Vera tried the next plant. Too much force—the root snapped.
"Common mistake," Tomas said. "Try again. Patience matters more than speed."
Her third attempt succeeded. Fourth and fifth also. By the sixth, she’d developed a feel for the proper technique.
They worked for five hours, harvesting twenty-three intact roots total. More than mission requirements specified.
"Why do you know so much about this?" Vera asked as they packed the harvest carefully.
"Eighth Ring farmer. Forty years of coaxing crops from difficult soil. Pest identification, root systems, seasonal growth patterns—that was my life." Tomas secured the carrying case. "Never thought it would matter. Farming was just... survival. But here, my experience has value. Teaching you field harvesting earns us both merit while improving sect capabilities."
Vera looked at the packed roots. "I studied at the Guild for two years. Spent my family’s savings. And I learned less practical knowledge than I did in five hours with you."
"Different knowledge," Tomas said. "Not less valuable. You understand the theory behind why Dawnbell roots are medicinal. I just know how to harvest them without breaking. Together, we’re more effective than separately."
They returned to Mission Hall with twenty-three roots—mission required a minimum of fifteen.
[RANK F] Medicinal Root Gathering - Dawnbell
Status: COMPLETE - EXCEEDED REQUIREMENTS
Merit Awarded: 18 points total (9 each)
Bonus: +3 points (quality harvest)
Tomas stared at the bonus notification. Extra merit for exceeding expectations.
His forty years of experience recognized. Rewarded. Valued.
***
Feng Liao
Feng Liao grabbed the construction mission with barely a glance.
[RANK D] Dormitory Expansion - Foundation Work
Location: Western dormitory complex
Requirement: Basic formation knowledge, physical labor
Merit: 60 points
Time Limit: 3 days
Slots: 4/6 available
Sixty points. That was worth it. And how hard could construction be? Lay some foundation stones, maybe help with basic formations. Three days was plenty of time.
He showed up at the construction site to find five other disciples already working under the direction of a Formation Master from Raven’s core team.
"You’re the sixth?" the Master asked. "Good. We need someone handling the southwestern corner foundation array. Requirements are in the specifications jade slip."
Chen Wei accepted the slip and nearly dropped it when the technical specifications materialized in his mind.
Spatial stabilization arrays. Load-bearing formation integration. Multi-layer construction requiring precise alignment and spiritual energy calibration across seventeen interconnected nodes.

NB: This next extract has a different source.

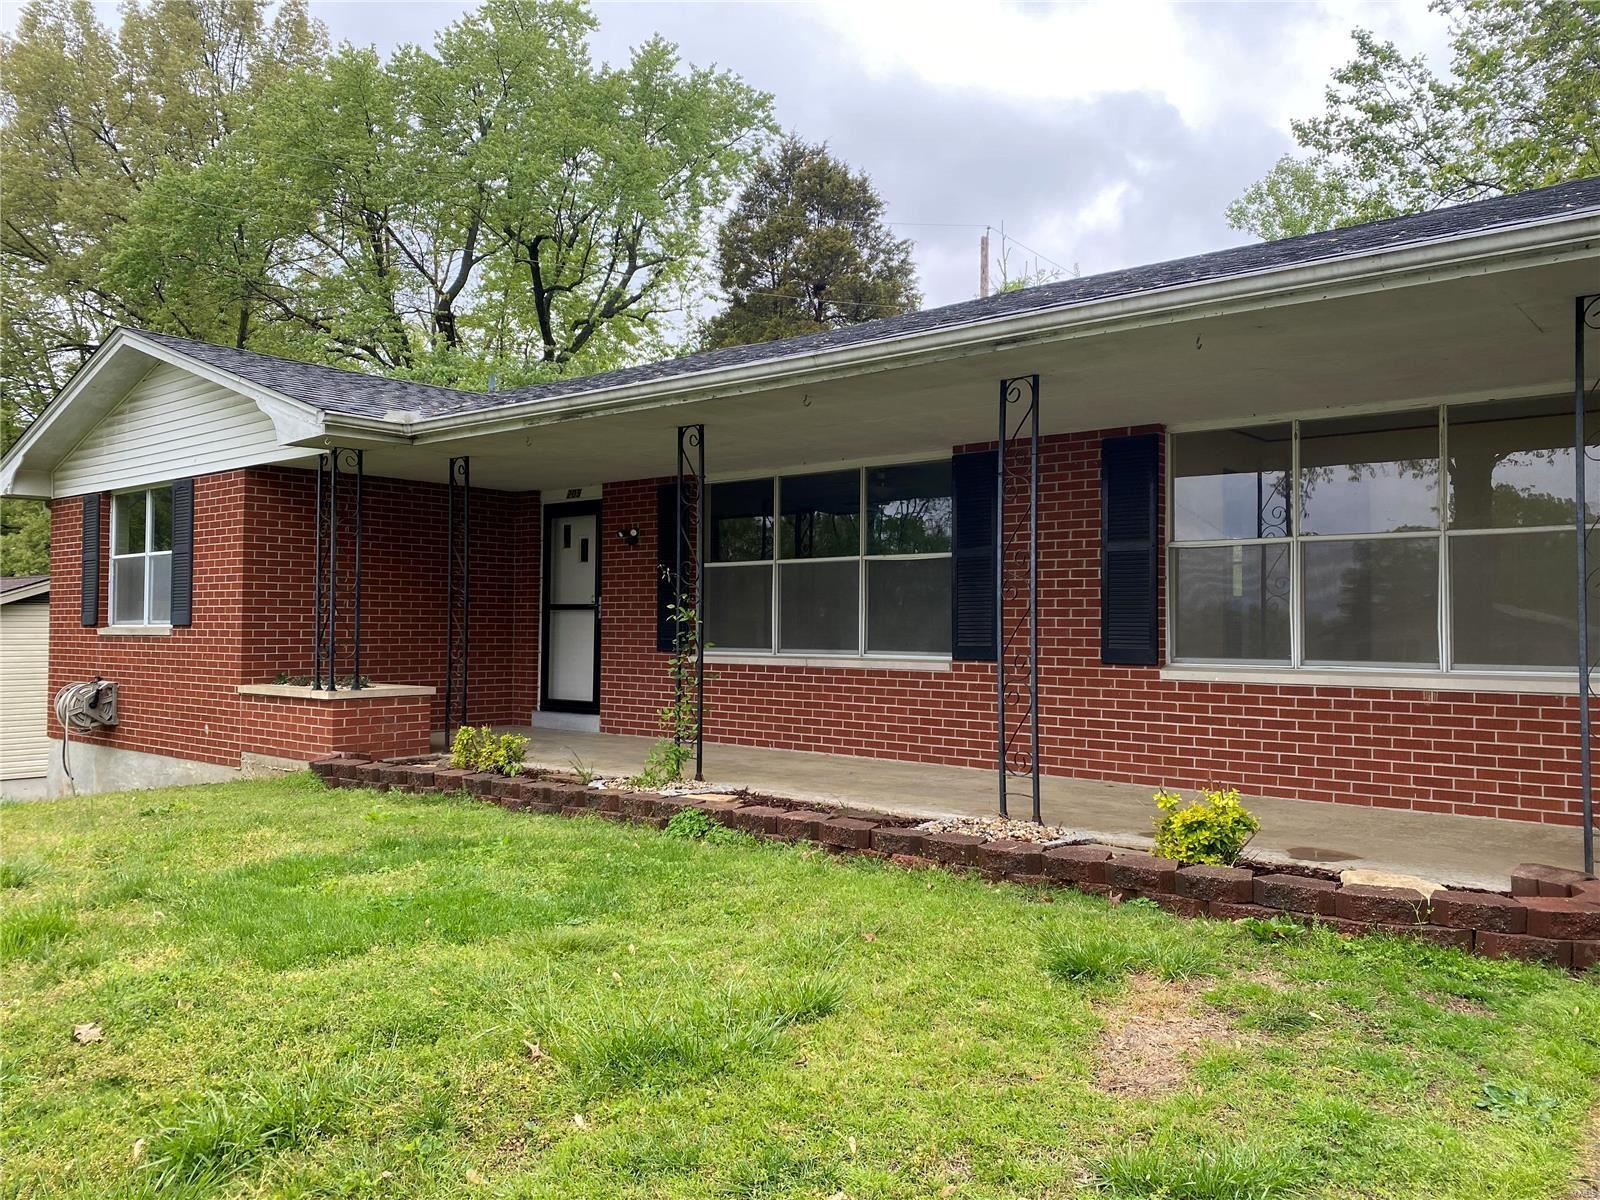 Photo of 209 Barberry, Cape Girardeau, MO 63703 (MLS # 21026620)

This wasn’t basic formation knowledge. This was intermediate-to-advanced array construction requiring skills he didn’t possess.
"I... I don’t think I can do this," he admitted.

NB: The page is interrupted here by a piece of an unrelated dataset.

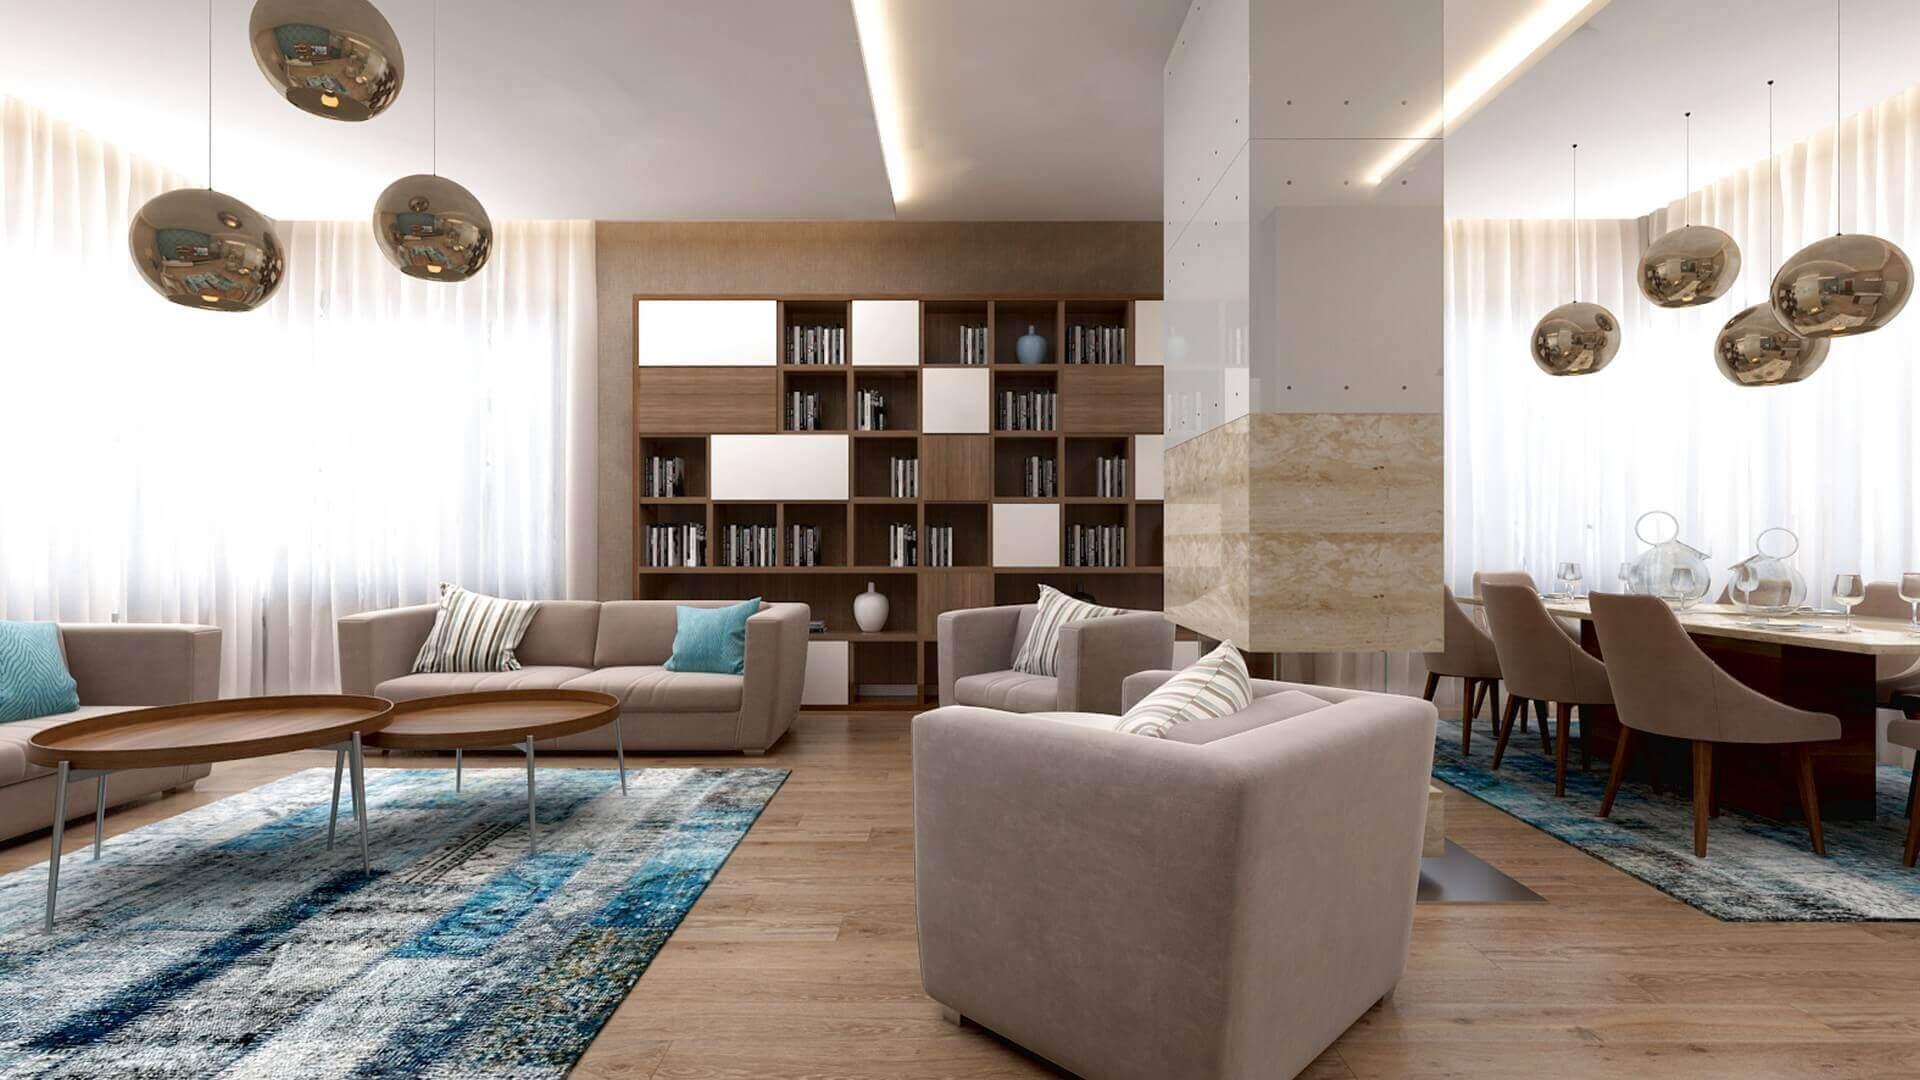 House interior architecture 2951 E. Uslu Konutu Residential

The Formation Master’s expression went flat. "You claimed a Rank D construction mission without verifying your skill level?"
"I thought—"
"You thought sixty merit points sounded good without considering what work justified that reward." The Master pulled out a jade slip. "You have two options. Withdraw from the mission now and forfeit ten merit points as a penalty for inappropriate claiming. Or stay, assist with basic labor under supervision, and earn fifteen points instead of sixty."
Chen Wei’s face burned. "I’ll withdraw."
[RANK D] Dormitory Expansion - Foundation Work
Participant: Chen Wei
Status: WITHDRAWN - INAPPROPRIATE SKILL LEVEL
Penalty: -10 merit points
His jade slip balance dropped. Other disciples at the mission board glanced over, noting the failure.
Expensive lesson: merit rewards reflected difficulty. High points meant high requirements. Overestimating capability had real consequences.
***
Kade Thorne
The eastern approach offered good observation positions—rocky outcrop with clear sightlines to Seven Peaks, natural cover, and easy escape routes.
Perfect place to watch the sect unnoticed.
Kade and Chen Mei (mercenary) split up, circling the area from different angles. He moved through underbrush with military silence, eyes tracking disturbances.
There. Crushed grass. Boot prints. Someone had stood here recently, observing for an extended period.
He signaled Chen Mei, who approached from the opposite direction, confirming his assessment.
"Two people," she murmured. "Maybe three. Stayed approximately four hours based on vegetation compression. Left within the last six hours."
"Noble scouts," Kade said, examining the boot prints. "Quality leather, even wear pattern suggesting good training. Not bandits—too disciplined. Not Imperial—wrong boot style."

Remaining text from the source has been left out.